So should you all abandon your RAD practices and go study Knuth’s parsing techniques?  Well… I dunno about that.  But there are definitely some lessons here.  I think my message is this:  If you choose the RAD parser you have made your coding that much easier but you still have a responsibility to measure the quality of your solution against some test data and see what your performance is going to be like.  Every professional piece of software should have performance goals, even if they are very simple ones that are very easy to meet. Sometimes goals like “Yeah, 10 seconds is fine” is all it takes, other times we have to have strict time and space budgets.  If you were in “Yeah 10 seconds is fine” mode then I think the RAD parser is a fine choice.

And here’s the 2nd half of the message.  If you decide to do something fancier than the RAD way, you can easily find yourself in a world of hurt on correctness issues.  Even this fairly simple parsing problem has much potential for mistakes – I put in error checks for three cases but did you notice that there’s no error check for an input token that is just a “-” – some people noticed…  It’s easy to make mistakes when you are reaching for sharper tools, which is all the more reason to understand your performance goals so that you can choose a plan that is going to economically meet those goals.  Is the “classic” parser approach doomed to be full of errors?  No I think not.
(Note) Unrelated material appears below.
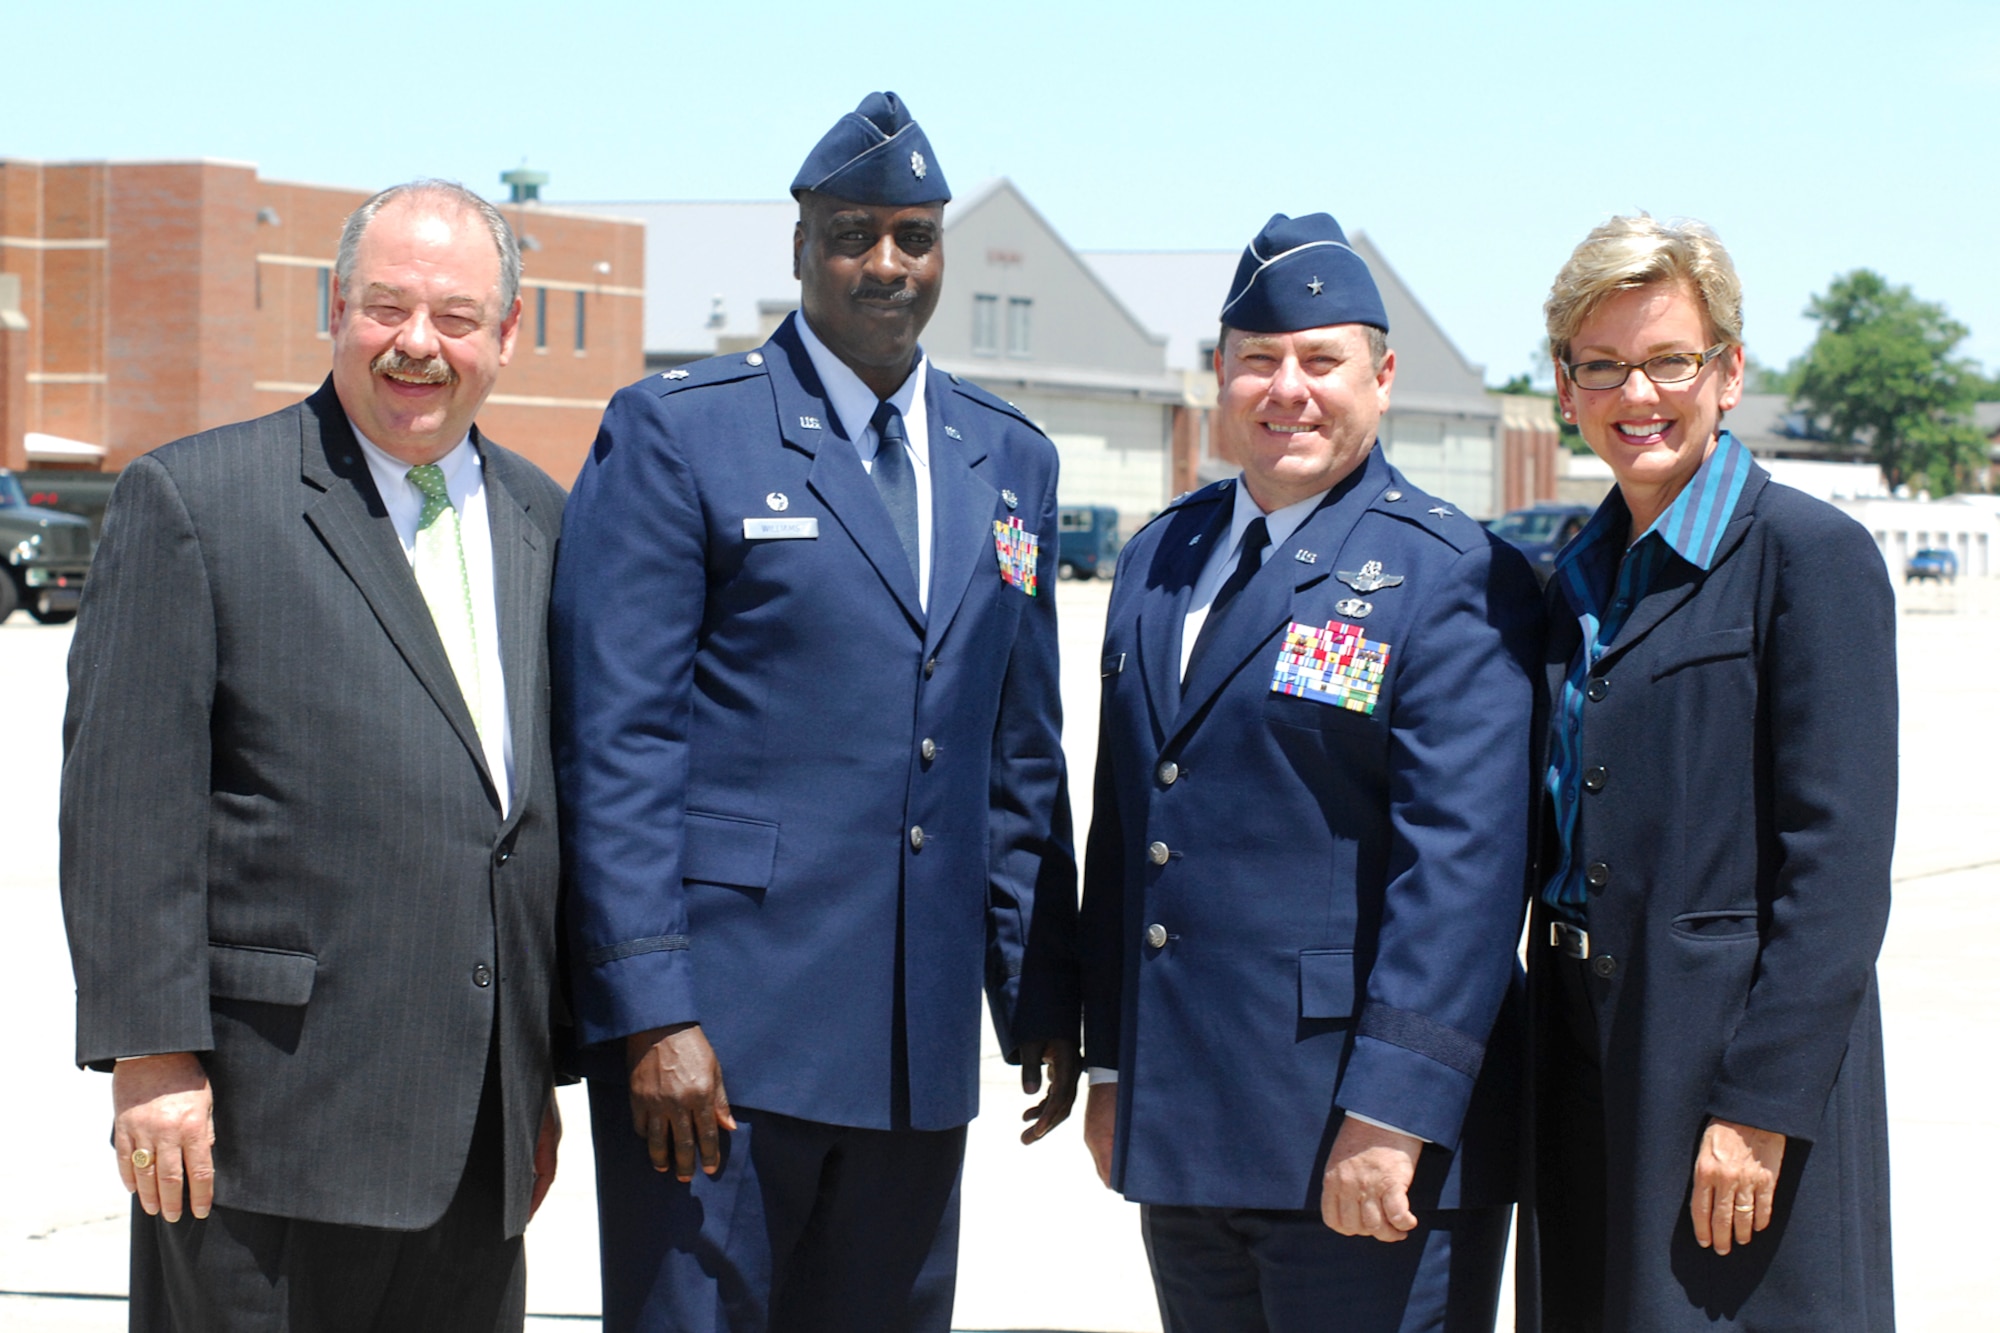 Michigan Governor Jennifer Granholm, Lt. Governor John Cherry, 127th Wing Commander Brig. Gen. Michael Peplinski, and 127th Mission Support Group Commander Lt. Col. Rodney Williams pose for a photo while they awaited the arrival the President at Selfridge Air National Guard Base.  Air Force One landed at Selfridge Air National Guard Base on Tuesday, July 14,  with the President and Senator Debbie Stabenow, on his way to a public appearance at Macomb County Community College in Warren, Mich., where he announced his American Graduation Initiative.  (USAF photo by John S. Swanson)

We just have to be more careful, there are well understood techniques for creating provably correct parsers but we’ll obviously be investing more in our algorithm to get there.

So there’s your balance – don’t blindly choose the easiest approach, it may be much too awful.  Don’t naively choose a complex approach, the effort required to achieve correctness may be daunting.  

Set quantitative goals so that you can objectively make the necessary plans to meet them.

Comments (10)

  1. Anthony Moore says:

    I am a colleague of Rico, and I feel I should comment on these results. My team owns the RAD IO, String and number parsing routines compared here.

    This significant performance difference might make you wonder if you should be using these APIs and whether there will always be such differences between roll-your-own solutions and general-purpose ones. Rico’s conclusion points at some of the reasons to be careful here. I should also comment on some future plans and to what extent it will be possible to have the best of both worlds.

    Some considerations in interpreting these numbers:

    – A notable result is that a 50X increase in allocations results in only a 7X increase in execution team. The CLR’s GC is incredibly efficient at allocating and cleaning up small, short-lived objects.

    – It is kind of apples and oranges to compare RAD Object Oriented API performance with C/C++ style coding using buffers. Environments like .NET, Java, Jscript, VB6 and Smalltalk all allocate a lot more objects than buffer-based C and C++. Most developers find that the productivity benefits outweigh the specific performance and memory costs most of the time.

    – As the example shows, you sacrifice productivity, readability, correctness, features and flexibility by going down this path. As an example, none of these routines are globalization-aware. As another, it would be expensive to switch to parsing types other than Integer if you stick with this approach.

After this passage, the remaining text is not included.